TASK ITEM — Strip the pictures and reproduce the rest of the listing exactly.

DATASET EXTRACT —
BEGIN
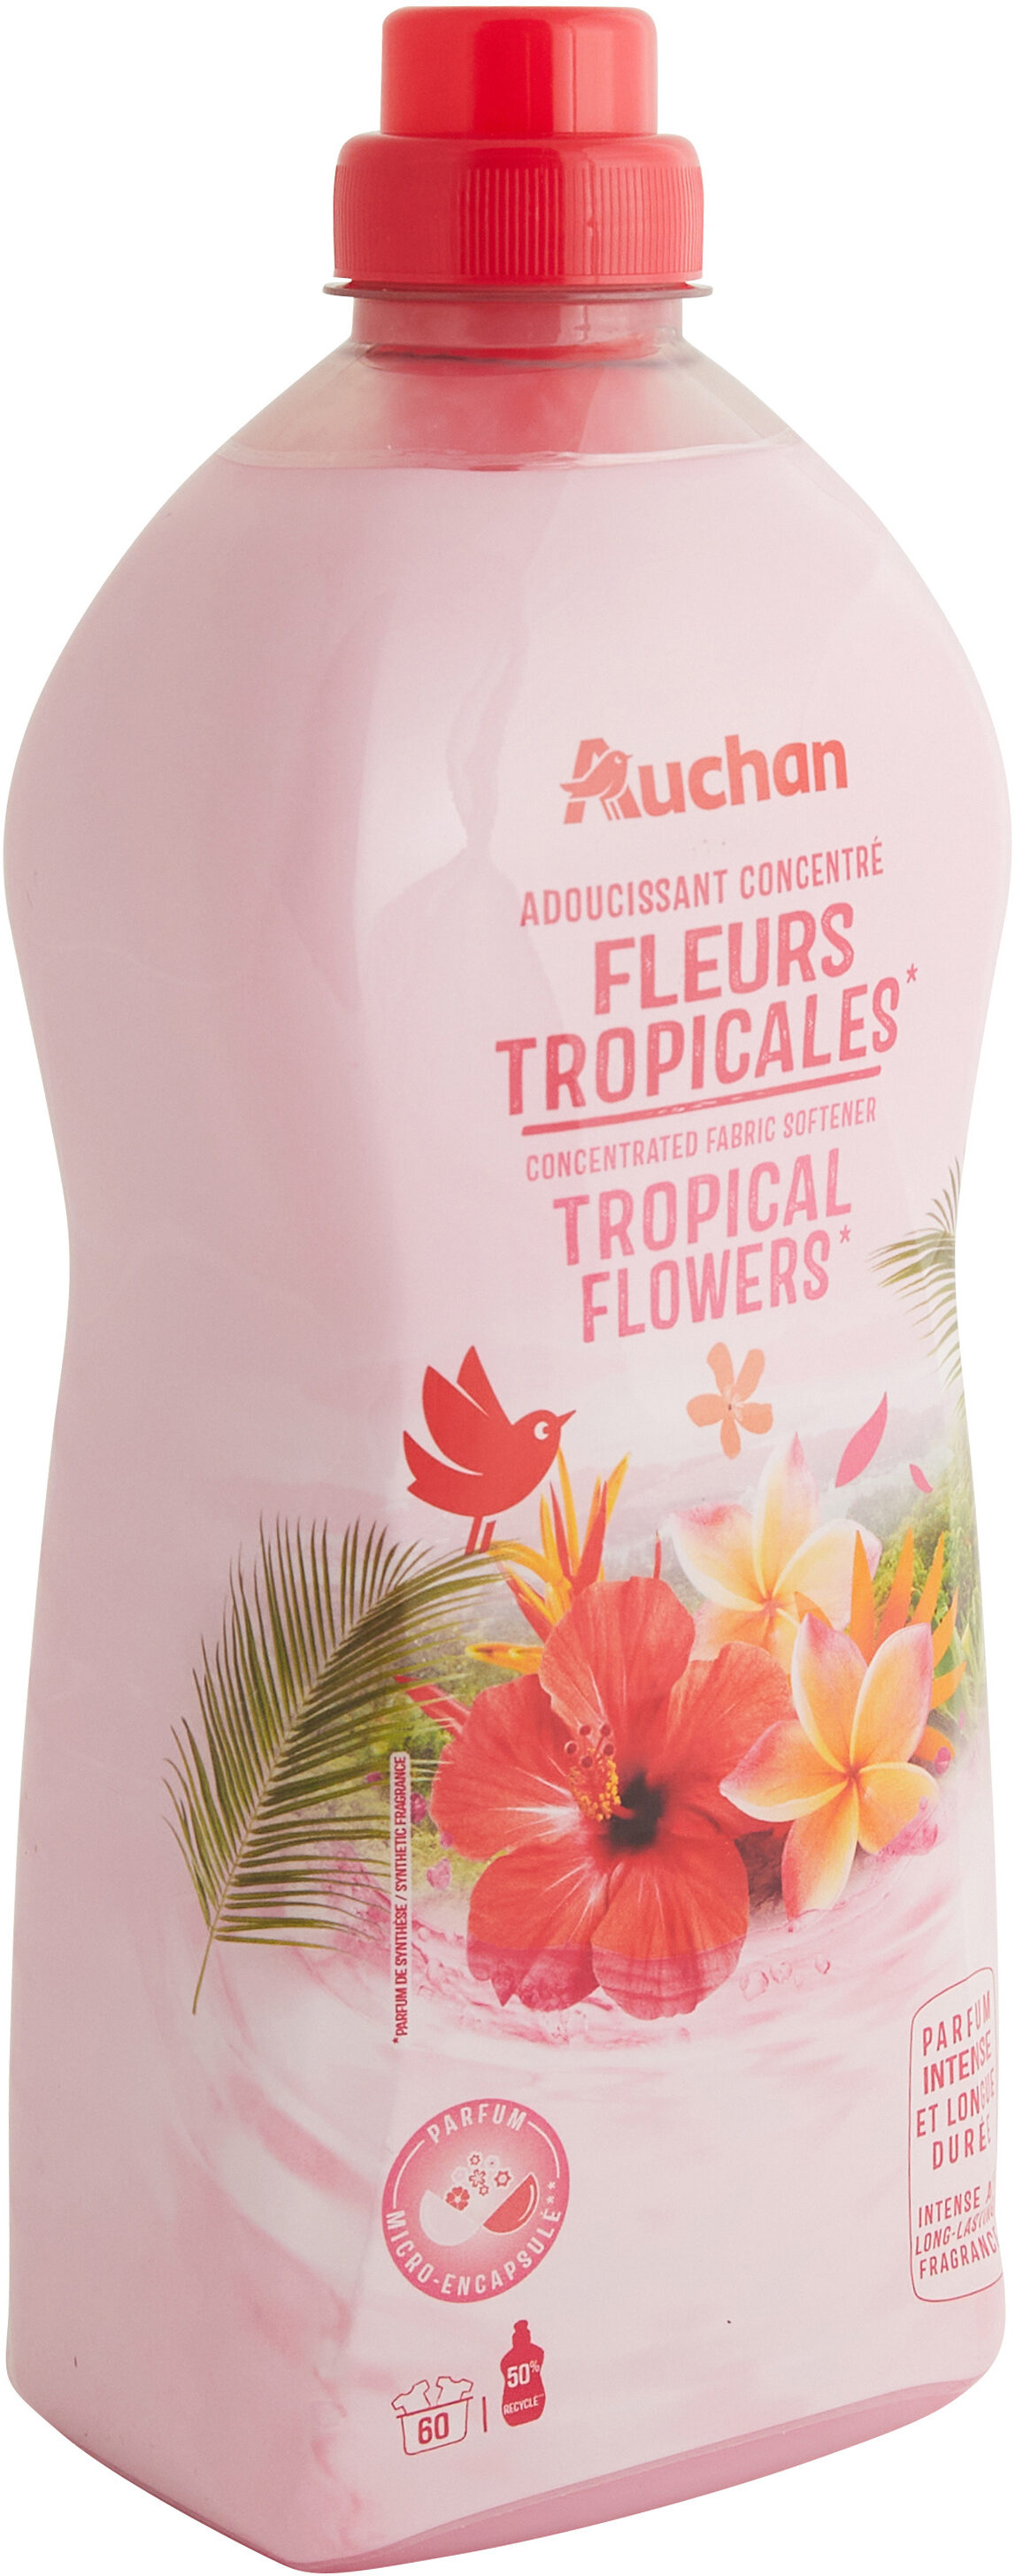 Adoucissant concentré fleurs tropicales - Produit - fr
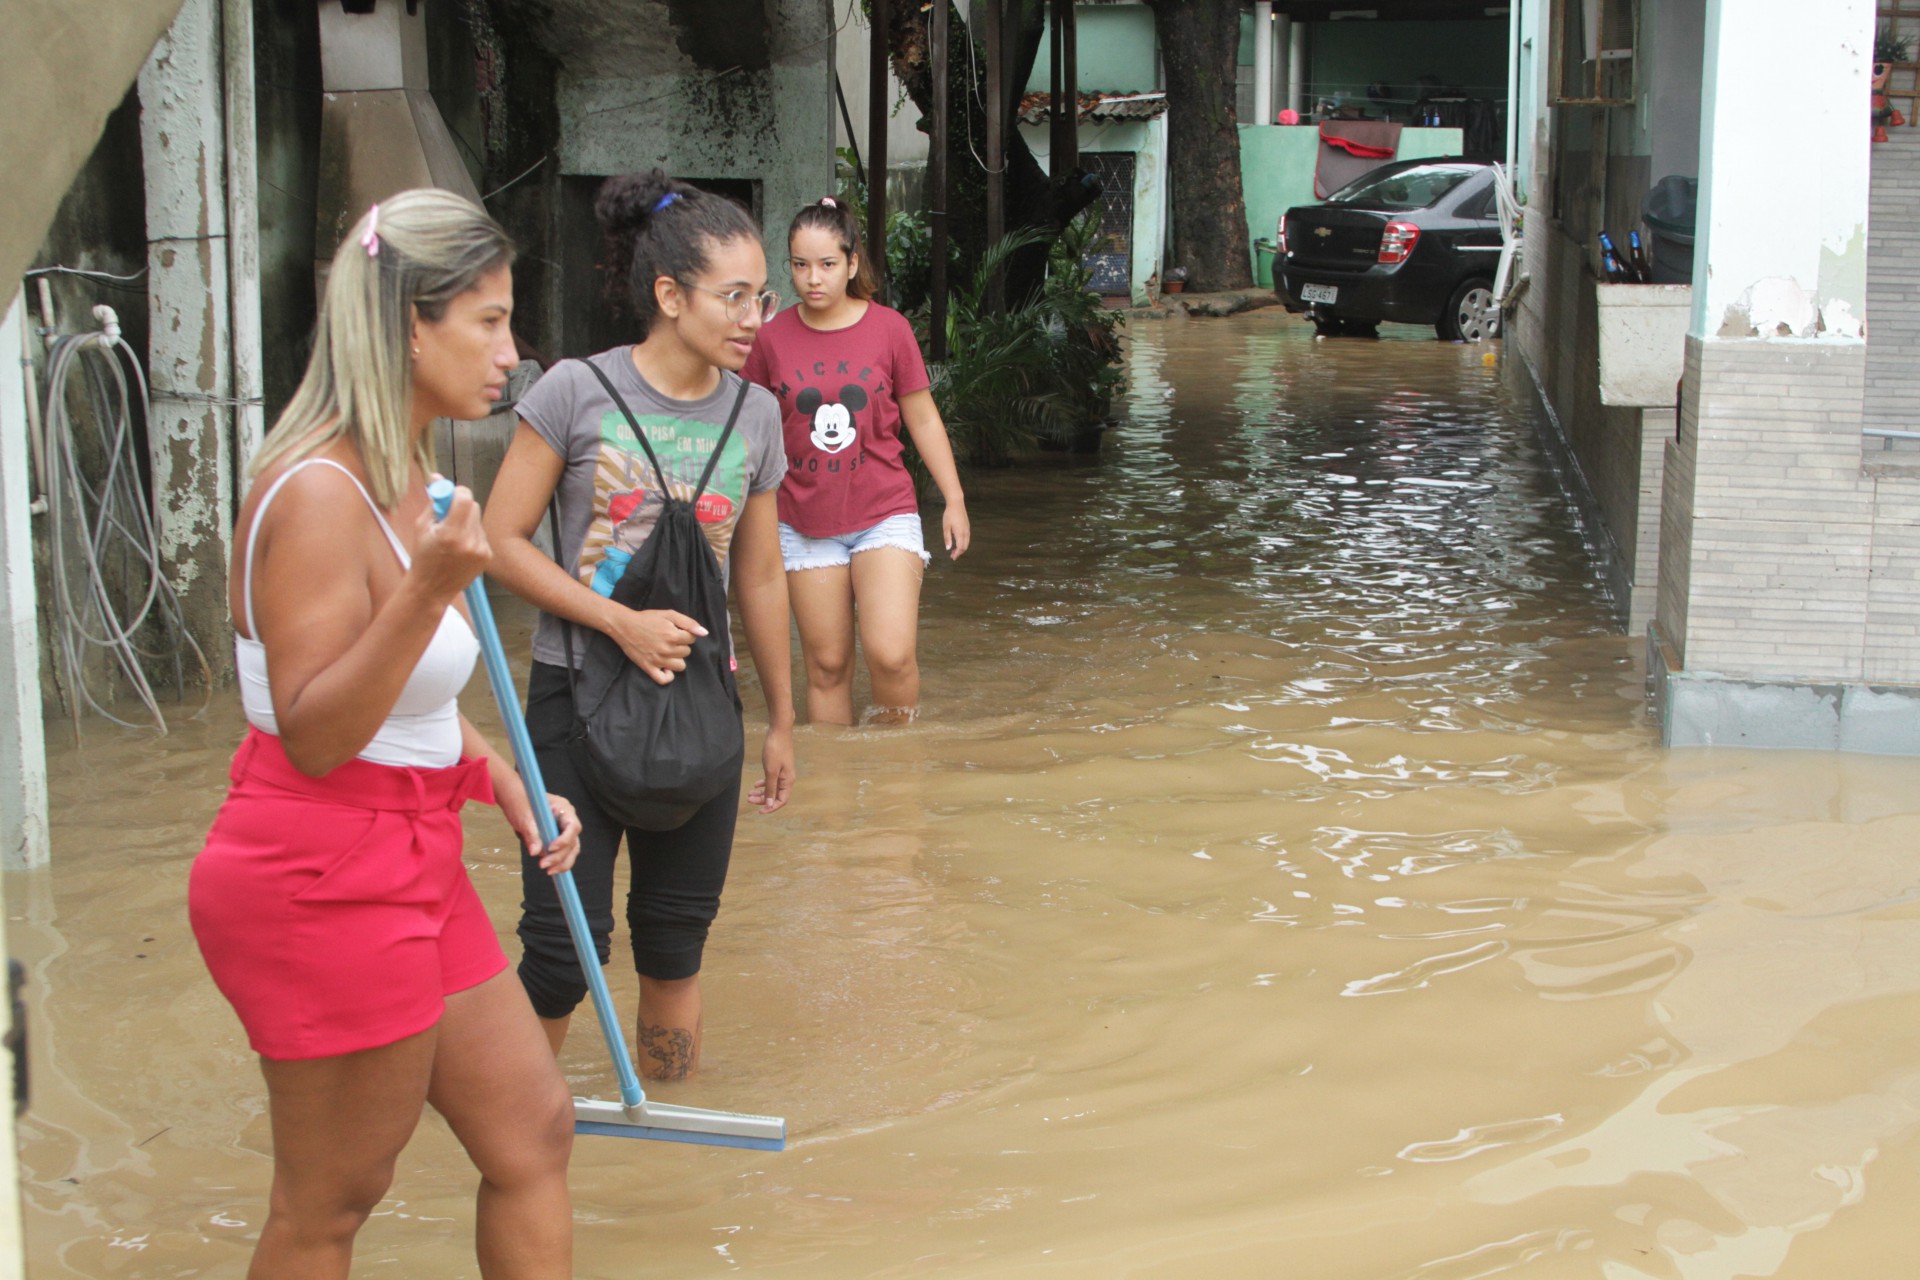 Estragos da chuva na Baixada Fluminense  neste sábado (02) - Jorge Ferreira/Parceiro/Agência O Dia
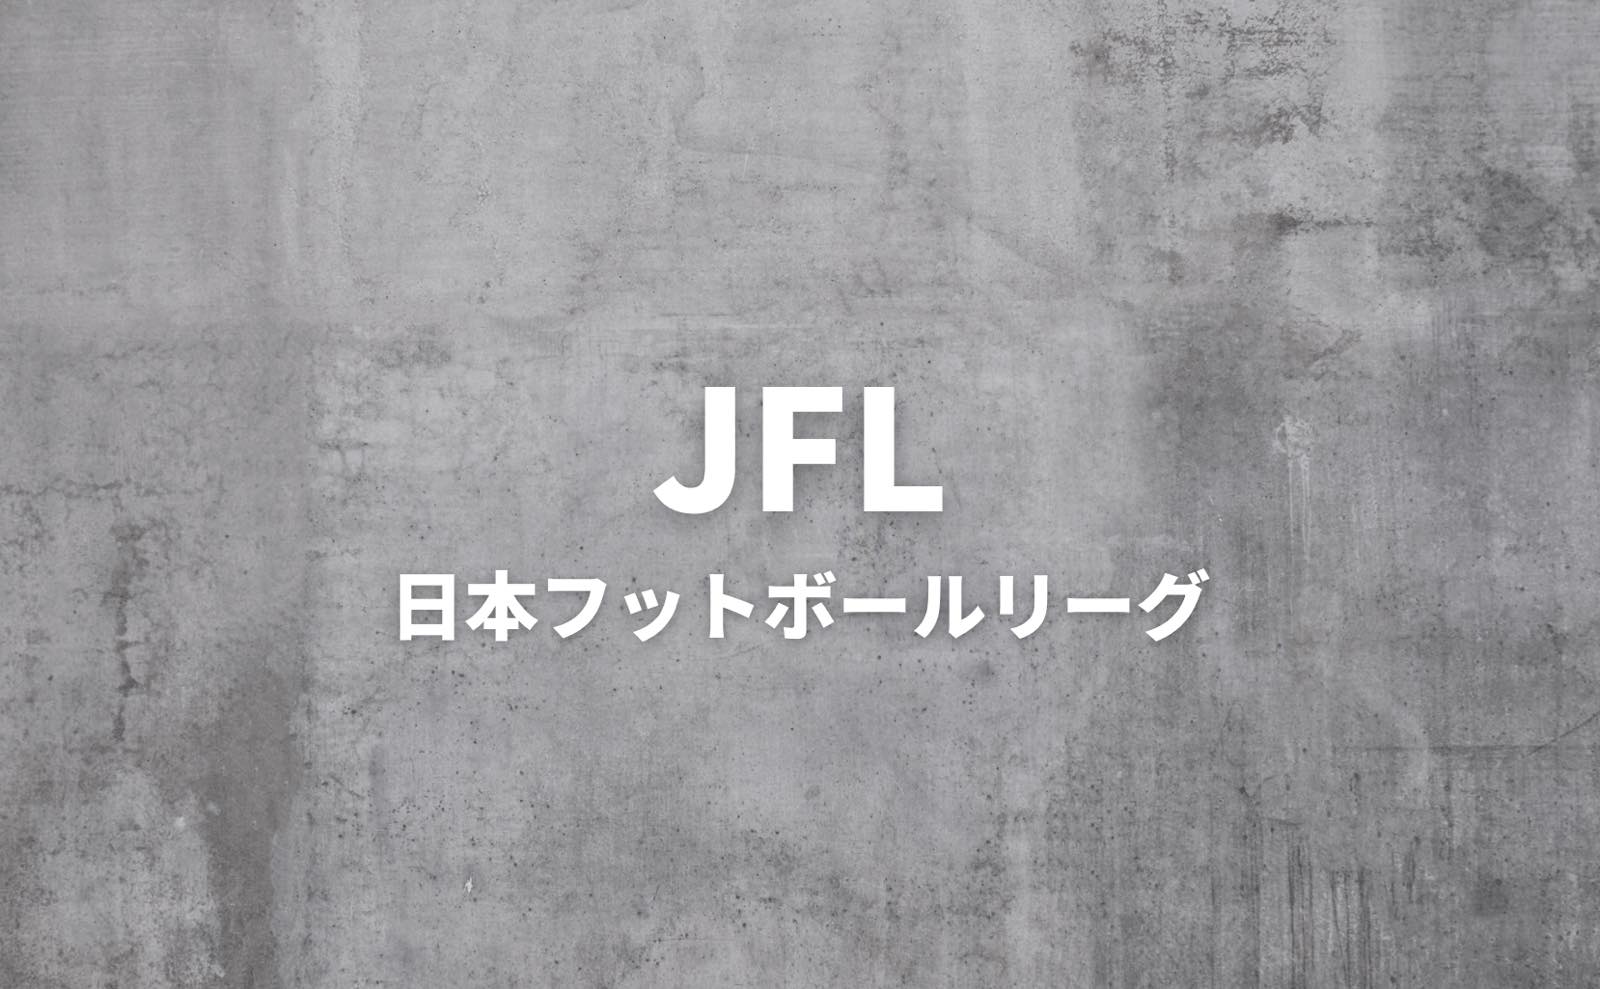 JFL（日本フットボールリーグ）
END
PROBLEM SOLUTION —
 Adoucissant concentré fleurs tropicales - Produit - fr
 Estragos da chuva na Baixada Fluminense  neste sábado (02) - Jorge Ferreira/Parceiro/Agência O Dia
 JFL（日本フットボールリーグ）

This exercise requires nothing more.